Scientific classification
- Kingdom: Plantae
- Clade: Tracheophytes
- Clade: Angiosperms
- Clade: Eudicots
- Clade: Rosids
- Order: Celastrales
- Family: Celastraceae
- Genus: Gymnosporia
- Species: G. dhofarensis
- Binomial name: Gymnosporia dhofarensis (Sebsebe) Jordaan (2006)
- Synonyms: Maytenus dhofarensis Sebsebe (1985)

= Gymnosporia dhofarensis =

- Genus: Gymnosporia
- Species: dhofarensis
- Authority: (Sebsebe) Jordaan (2006)
- Conservation status: LR/nt
- Synonyms: Maytenus dhofarensis Sebsebe (1985)

Species of shrub

Gymnosporia dhofarensis is a species of plant in the family Celastraceae and is found in Oman and Yemen. It is an intricately branched spiny shrub or small tree with its leaves arranged alternately or clustered on short shoots. The flowers have white or cream petals and the fruit are purple or red. It is threatened by habitat loss.

==Description==
Gymnosporia dhofarensis is a spiny shrub or small tree often forming more or less impenetrable thickets and growing throughout the escarpment woodlands and extending into the drier summit plateaux areas. Gymnosporia dhofarensis may be mistaken for G. senegalensis and the two species are not differentiated in local expertise.

==Taxonomy and naming==
The species was first formally described as Maytenus dhofarensis in 1985 by Sebsebe Demissew and the description was published in Symbolae Botanicae Upsalienses. The specific epithet (dhofarensis) refers to Dhofar where this species is found.

==Distribution and habitat==
This species is endemic to the Dhofar region of Oman and Yemen. These shrubs grow widely throughout Dhofar in drier areas as well as in monsoon areas.

==Uses and cultivation==
Cut branches were traditionally popular as building material for pens and enclosures, for perimeter fences around the settlement compounds, for building partitions or to make a dense barrier across a cave mouth, or the 'door' due to the vicious thorns that were considered to cause more pain and difficulty of extraction.

Gymnosporia dhofarensis provides adequate firewood, however unpleasant thorns make it difficult to handle.
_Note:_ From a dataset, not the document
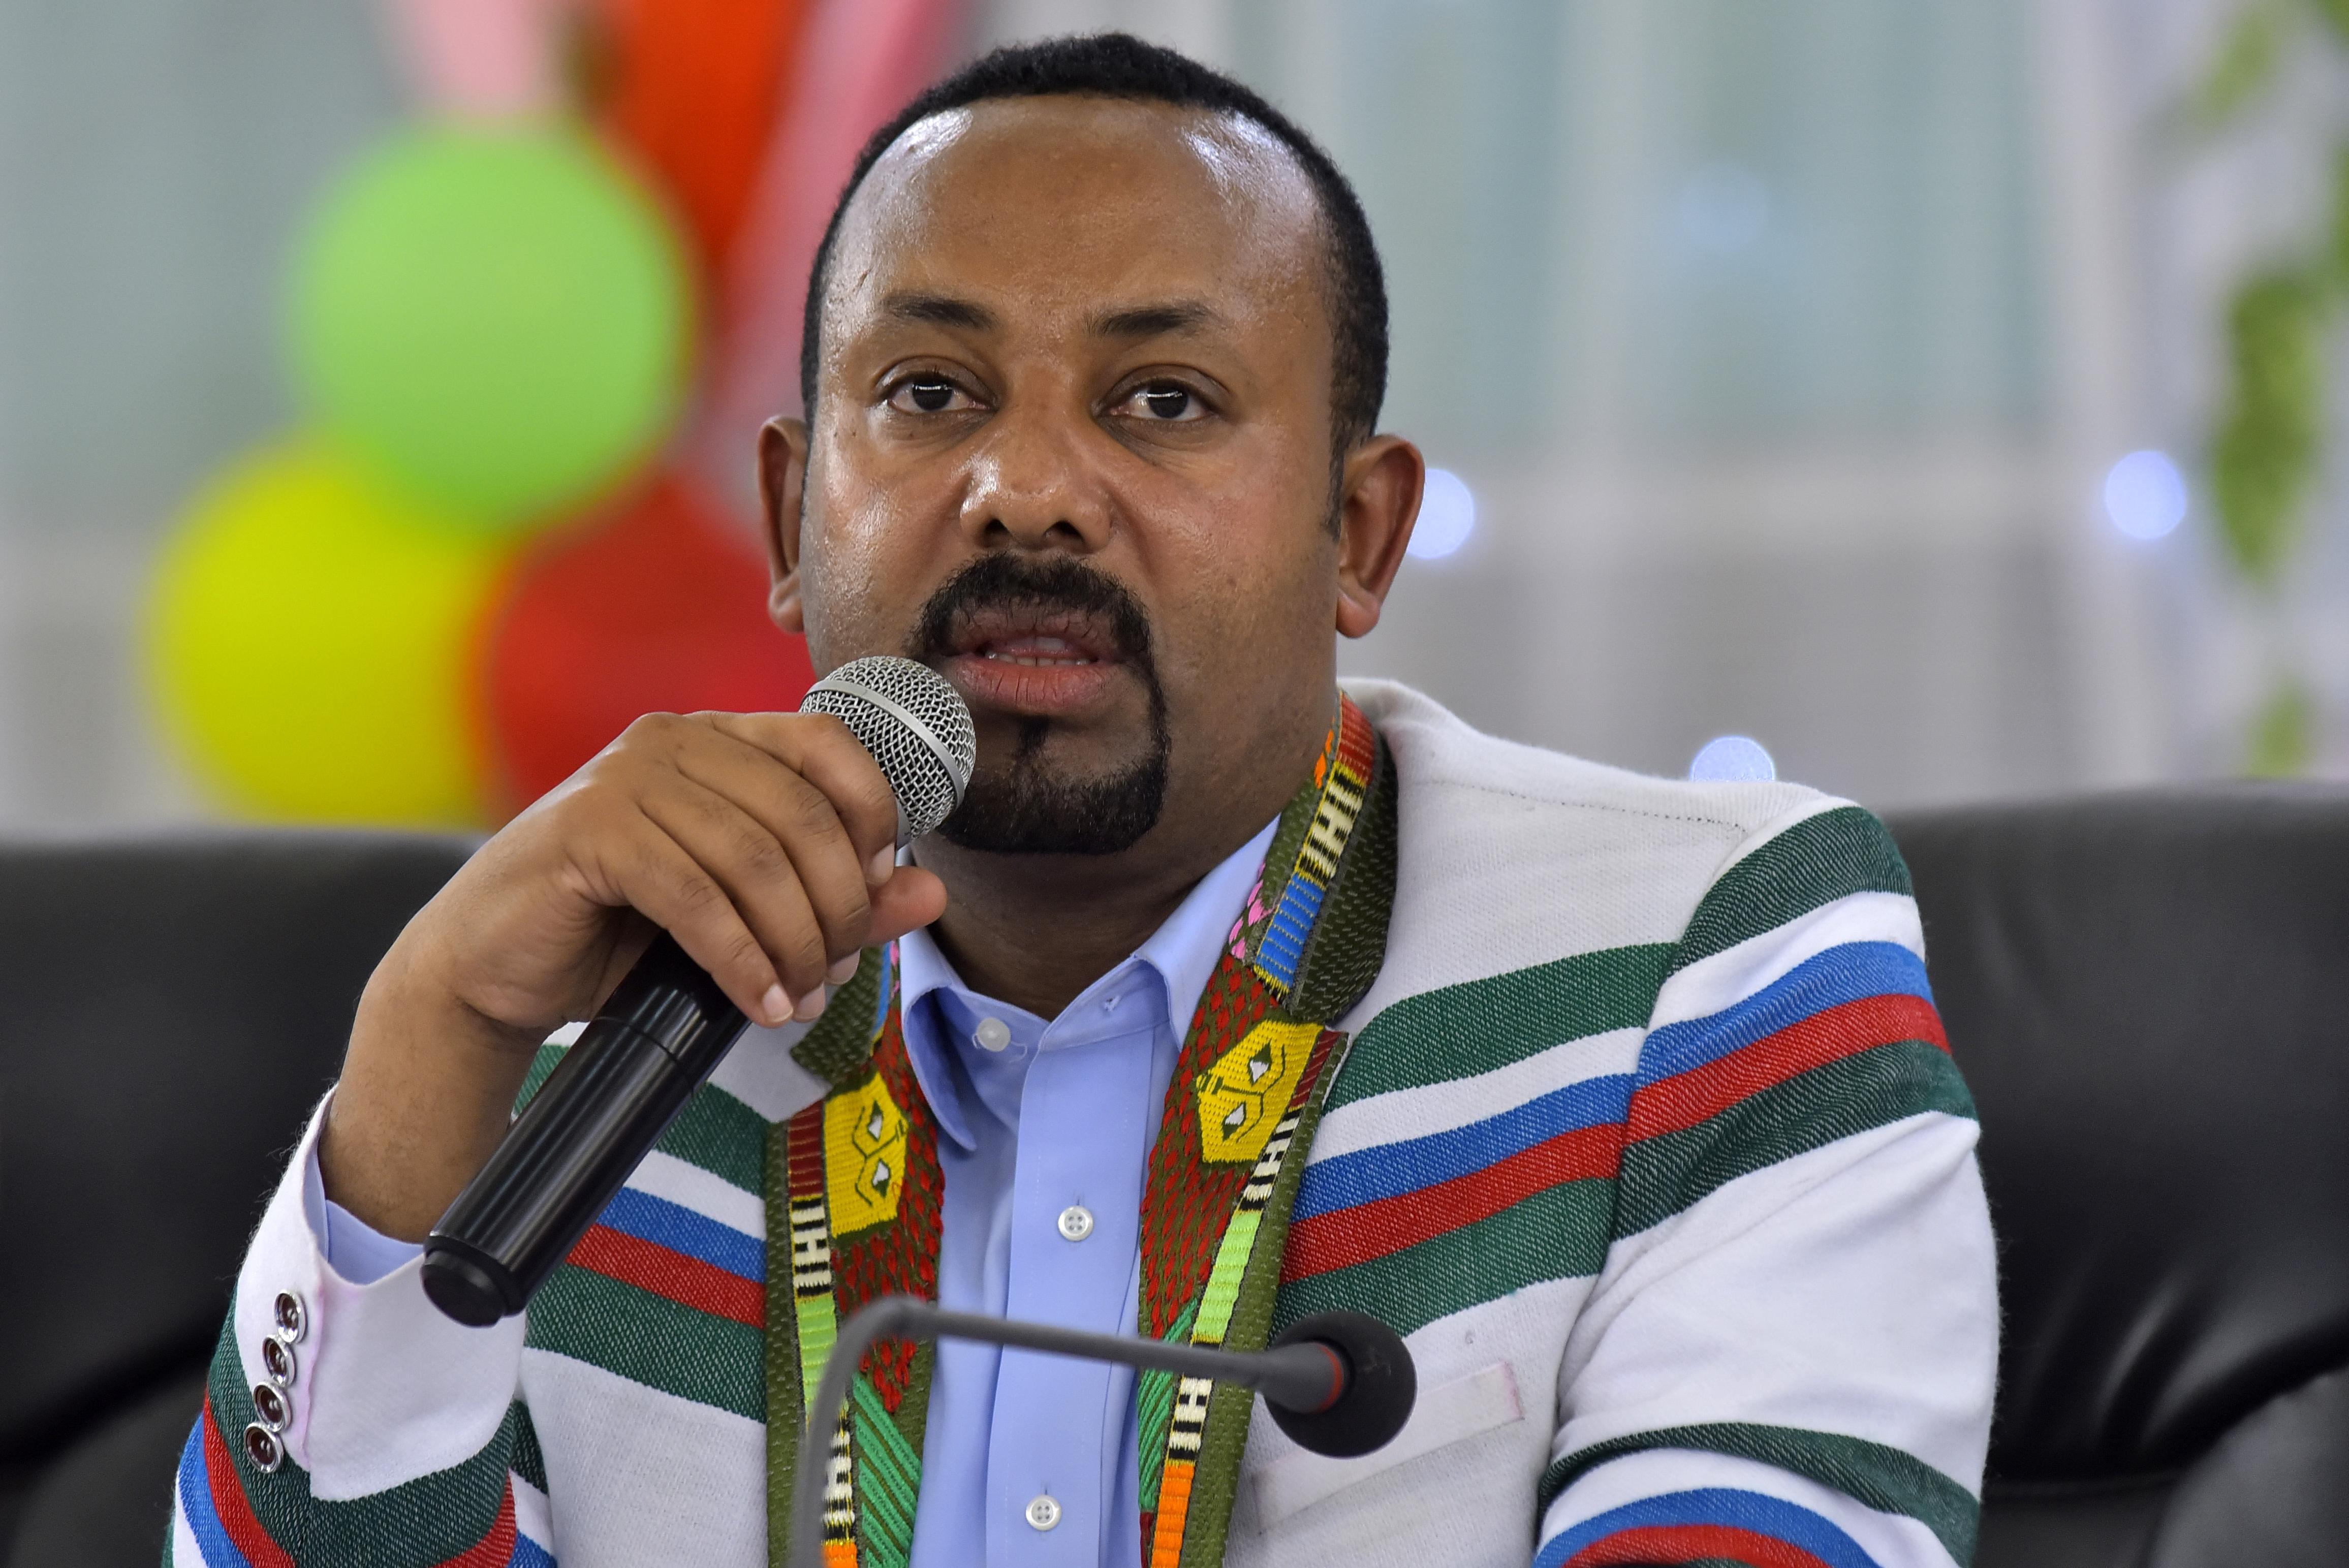 Ahmed Abij etióp miniszterelnök kapta az idei Nobel-békedíjat

If well known hardwood trees were absent, the wood of a well developed maytenus specimen would be used to make such vital weapons as a double-ended throwing stick and a knobbed club.

Camels browse on the foliage but cattle are unenthusiastic. Goats eat the leaves and especially the flowers of G. dhofarensis, however the fruit is poisonous and can cause the goat to fall ill with shivering attacks and develop a raised temperature.

==Wider uses==
Many species of Gymnosporia and Maytenus are important in traditional medicine, and another species in the Celastraceae, Catha edulis, grown in the mountains of south-west Arabia and Ethiopia is the sources of Qat. In Yemen, the leaves of Maytenus species are used to make a tisane which is drunk to relieve pains in the stomach; the roots of Gymnosporia senegalensis are chipped into shavings and added to beer to be drunk as an aphrodisiac in parts of Africa. Researchers have also been able to isolate the active compound maytanisne from G. buchananii, which is on trial as a possible chemotherapeutic drug against cancer.